Measuring the impact of an outage
The need for the disaster recovery plan is to make sure that the data and system functions are restored to functionality as soon as possible. For this reason, once the team for disaster recovery has been informed, the first thing they will do is to assess the extent of the damage caused by an outage. The following factors will be important in determining the extent of outage
Cause of the outage
The cause of the outage will be fundamental in determining the extent of the outage. For example, if the outage was caused by a natural disaster like an earthquake, the outage may be much bigger and would need more focused attention.
The services affected
In any network, the system will have some processes that are more important than others are. By determining which services were affected, the team will be able to measure the damage caused by such an outage. If critical services were affected, this will mean a bigger damage and a bigger impact on the system as well as on the business.
The system is less active on holidays and weekends and this means that during these times when the system is not busy, an outage is likely to have a lower impact on the business. Therefore, to determine the impact of the outage of the system, time will be critical. If the outage happens on a business day, it will mean that the business will be affected even more.
To determine total impact of the system outage, the above factors will be measured and then be aggregated.
The actual recovery will take place after the activation process has been initiated, the appropriate teams have been summoned and the outage assessment has being done. At this point, the actual recovery work will be started. The teams will now be able to do an effective recovery work depending on the data front the outage assessment done in the previous task. The recovery work will be geared towards, recovering any data or network rescue that may have been affected by the outage. It will also be geared towards repairing any physical damage and replacing any resources that may have been damaged beyond repair point. This will mean that, there may be more than one team needed for each of the different recovery work that may emanate front such an outage.
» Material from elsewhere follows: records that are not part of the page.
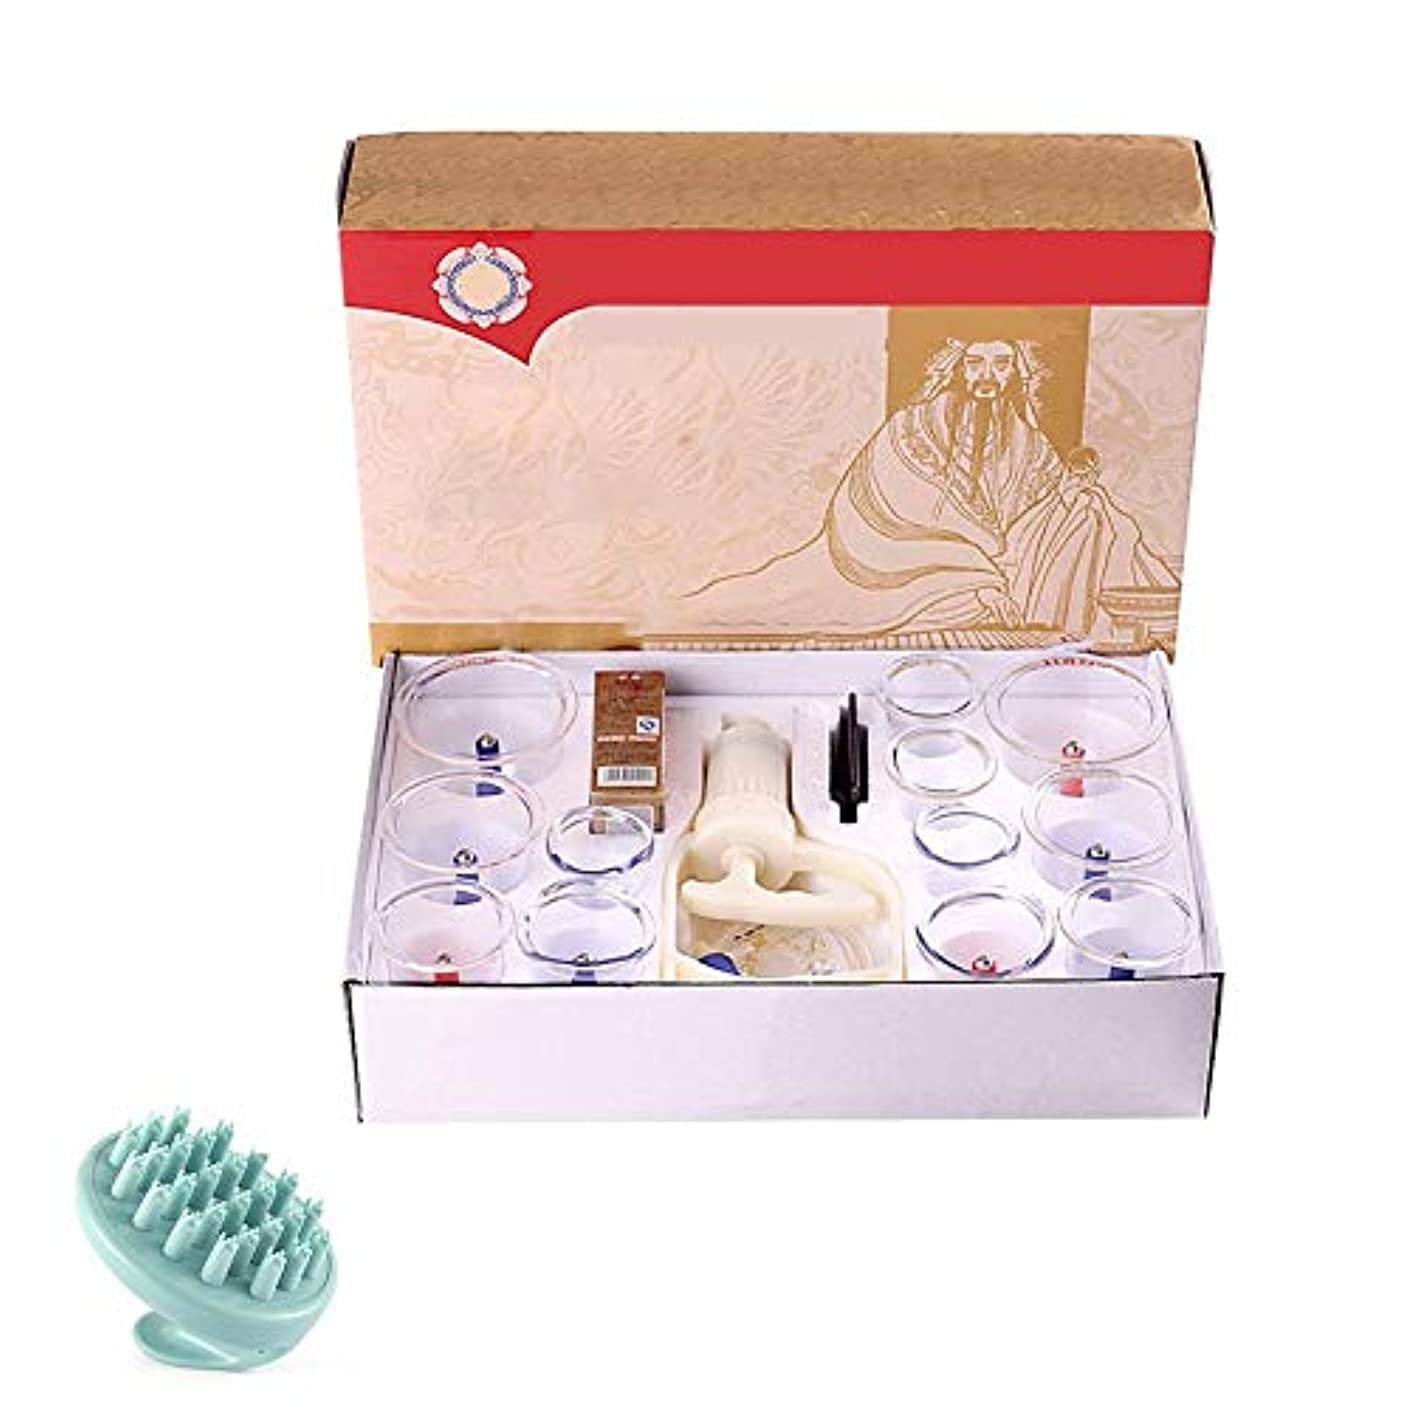 ボンド輸送あからさま12カップマッサージカッピングセット、真空吸引生体磁気中国ツボ療法、女性と男性のための家、ストレス筋肉緩和、親家族のための最高の贈り物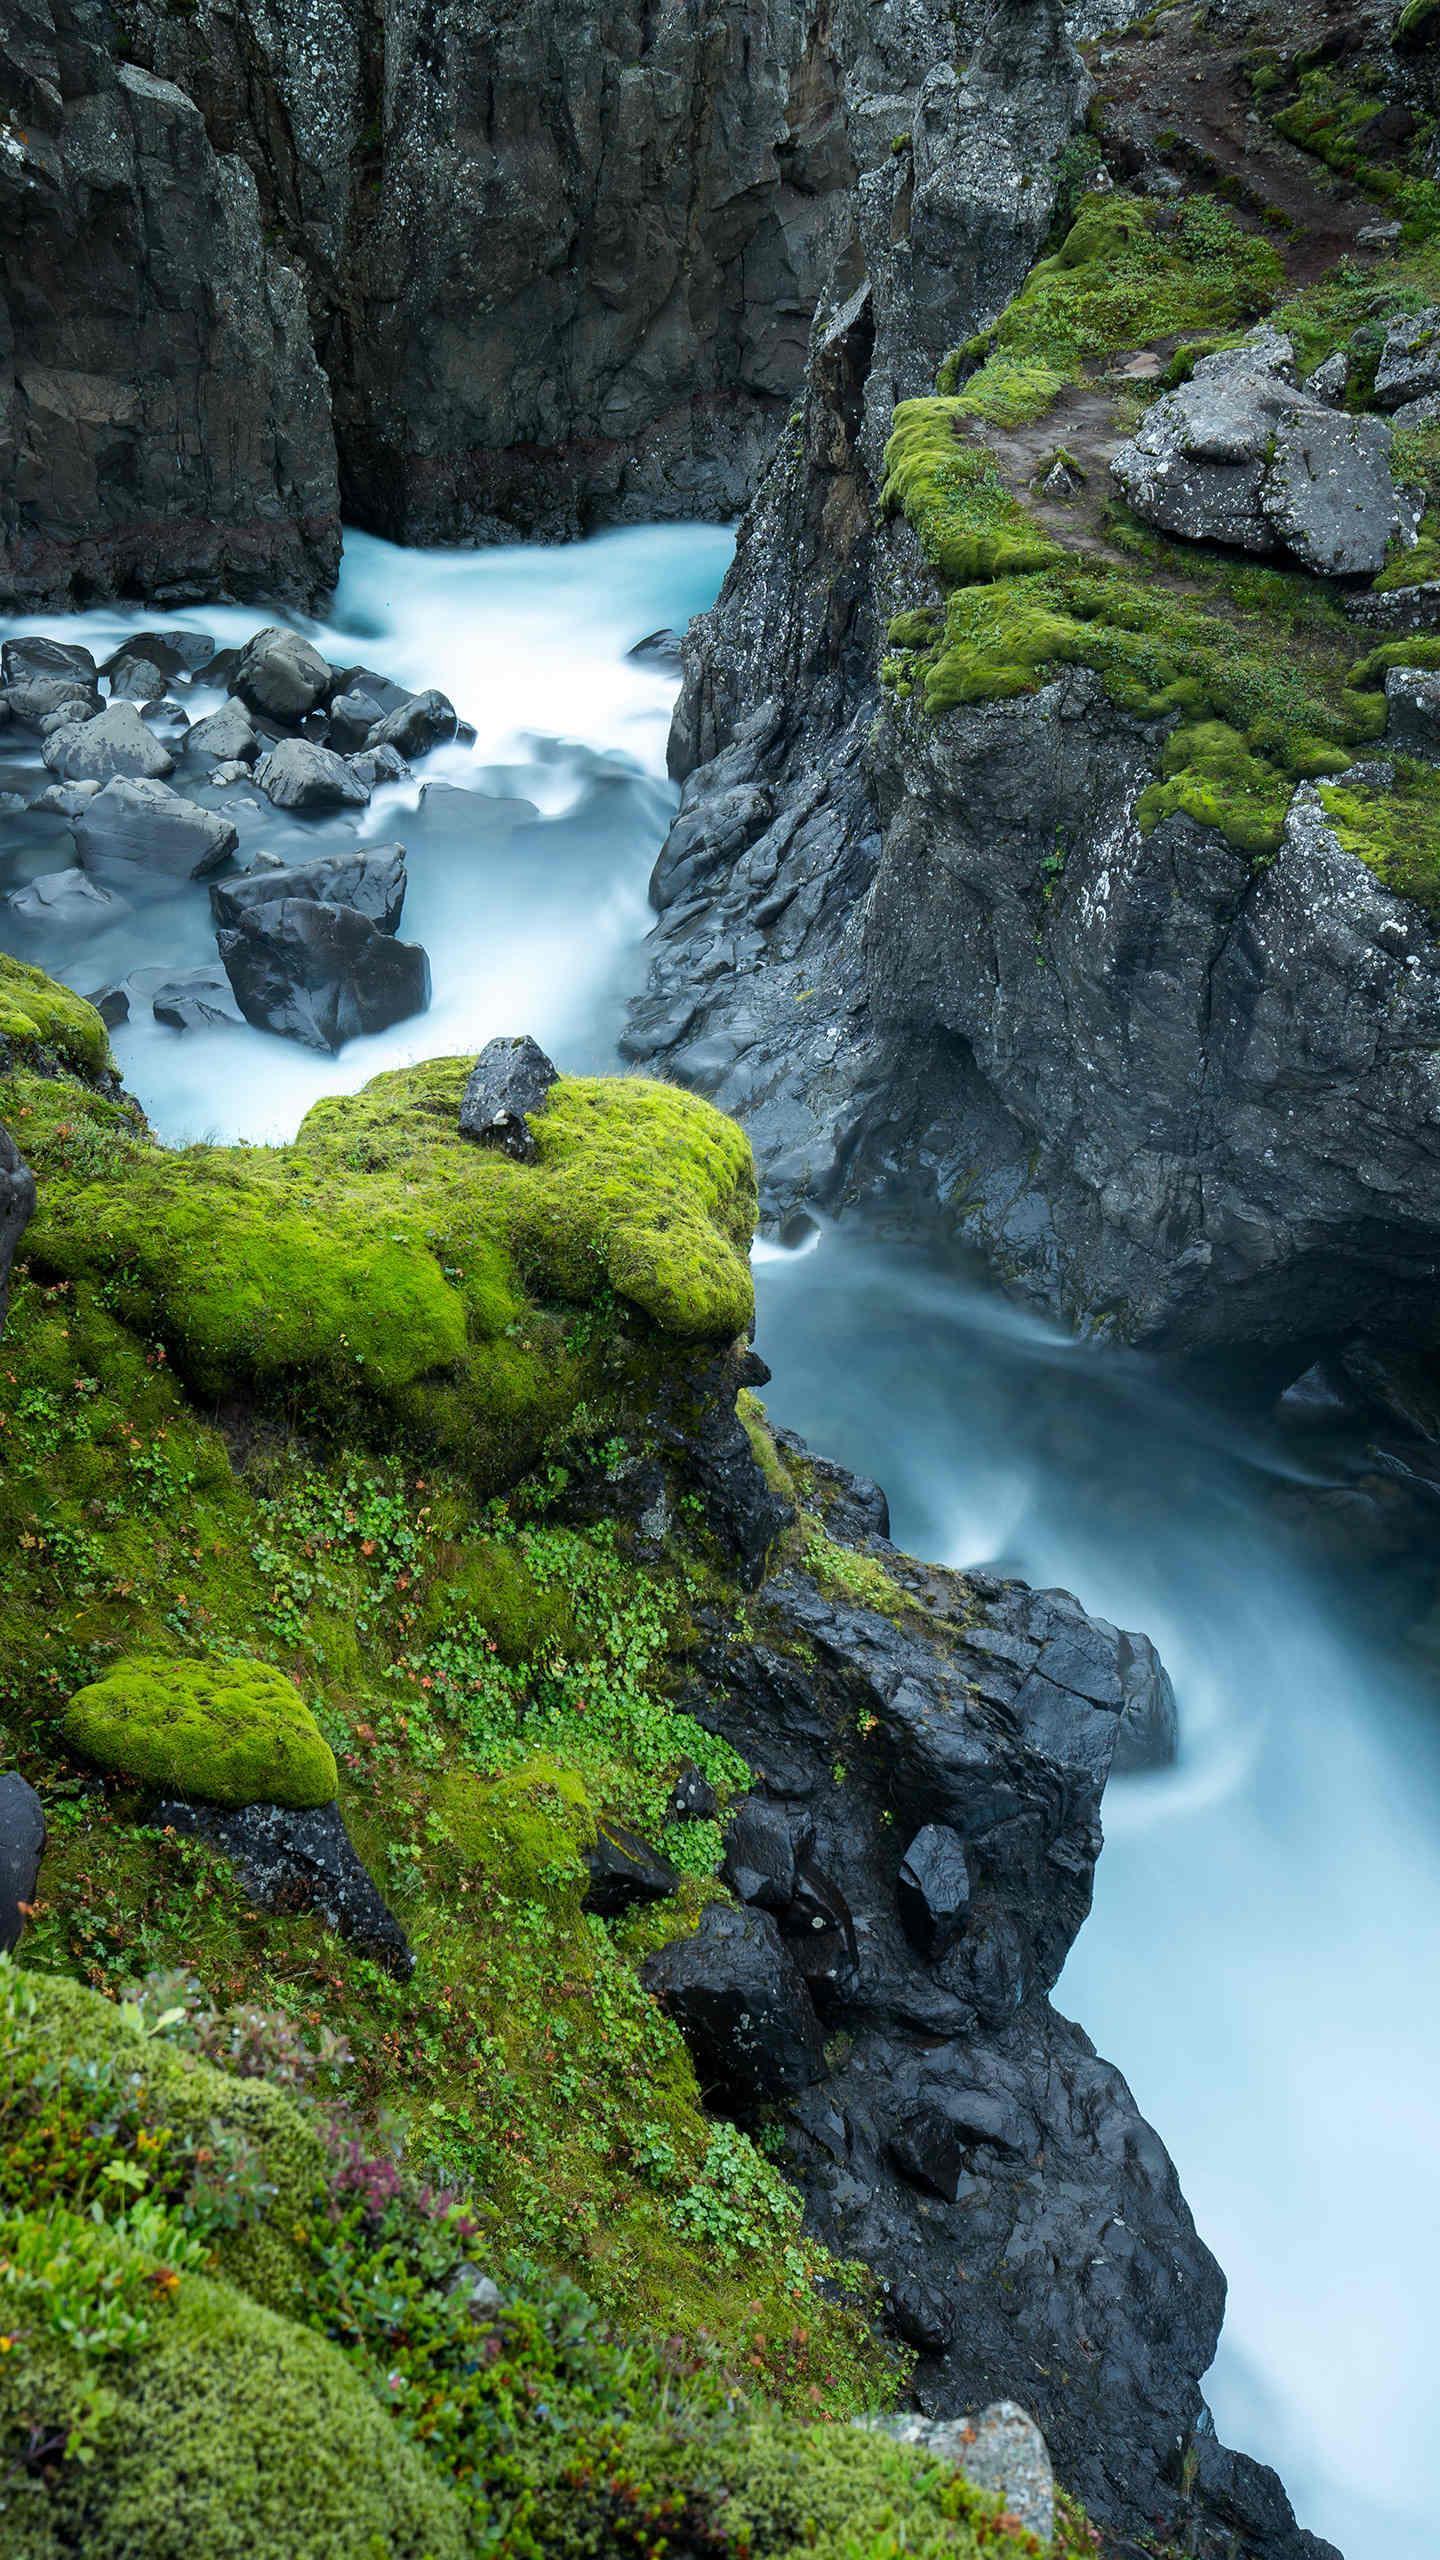 壁纸 风景 山水 桌面 1440_2560 竖版 竖屏 手机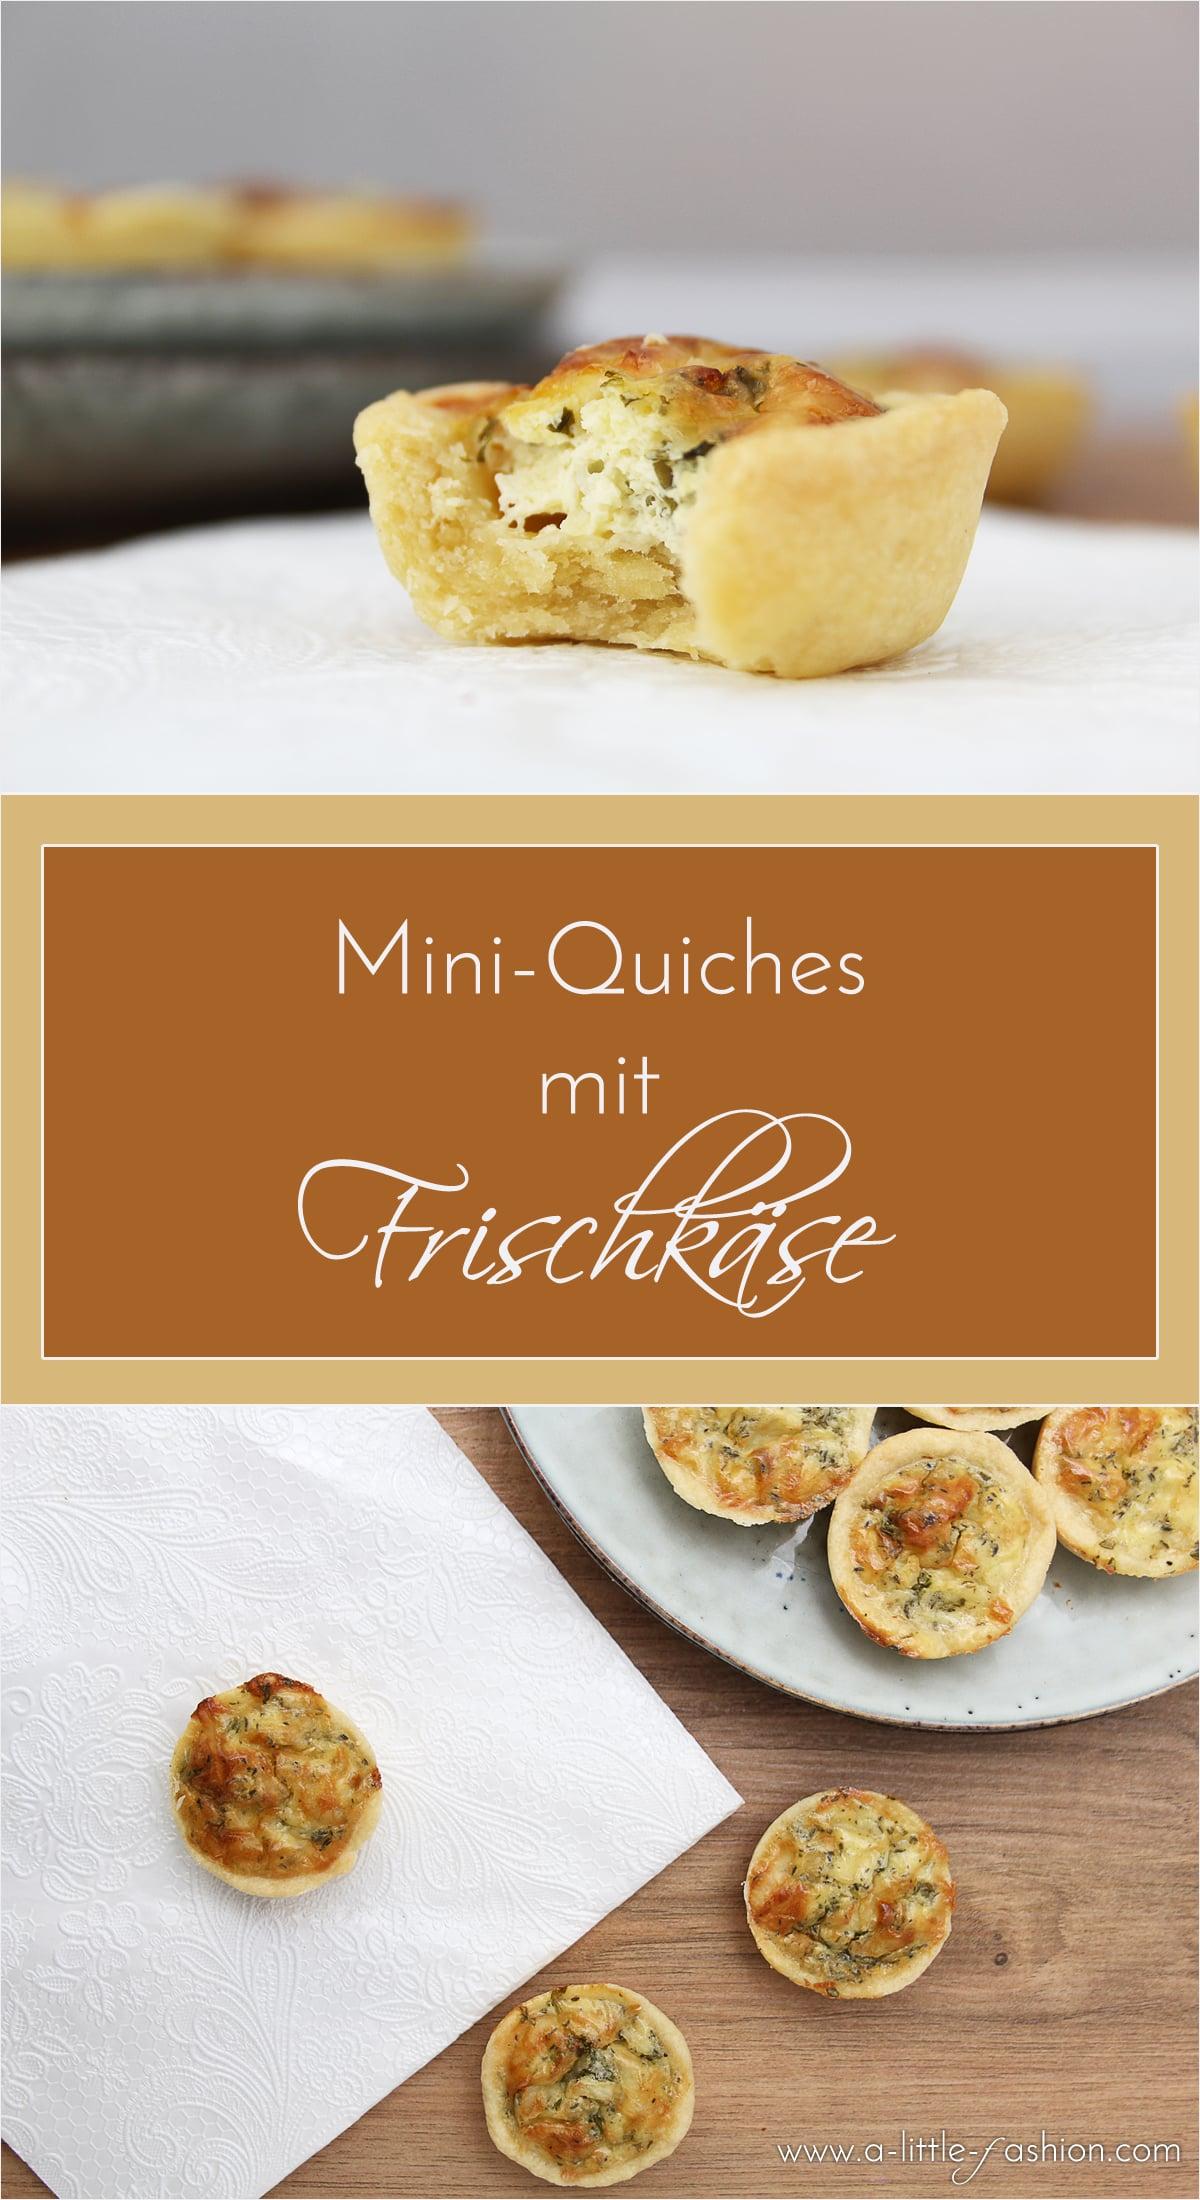 Mini-Quiches mit Kräuter-Frischkäse | A Little Fashion

The following activities occur during recovery of SAP:
- Identify recovery location (if not at original location);
- Determine if its safe for the recovery personnel to go there;
- Identify required resources to perform recovery procedures;
- Identify the required teams to do the different recovery jobs;
- Retrieve backup and system installation media;
- Put in place any new hardware that may be needed to restore damaged hardware;
- Recover hardware and operating system (if required); and
- Recover system from backup and system installation media.
The following processes will be followed:
- Identify all damages
- Classify the damages into
- If any unrepeatable damages, identify the replacing resources
- Repair and replaces damaged resources
- Recover data from all available material in the local site where the damage happened
- If local data not recoverable, use remote mirror site
- Assess the recovery
Reconstitution of the recovered system
The recovered system will be tested to make sure that it has gone to its normal performance. To make sure that all the resources of the network and system are back in place, the recovery team will have a scheme for testing functionality. In such recovery procedures, it is usually possible to make the mistake of restoring only the services that are used the most and forget the resources that are dormant most of the time. This mistake remains unnoticed until such a time when a user needs it and this can cause chaos if the resource is important. To make sure that the recovery team does a thorough job, the team will be given a catalogue of the systems resources that must be restored at such a time of recovery. This will help them in making sure that everything is in order and that everything has been restored during recovery rather than having to come again to restore services.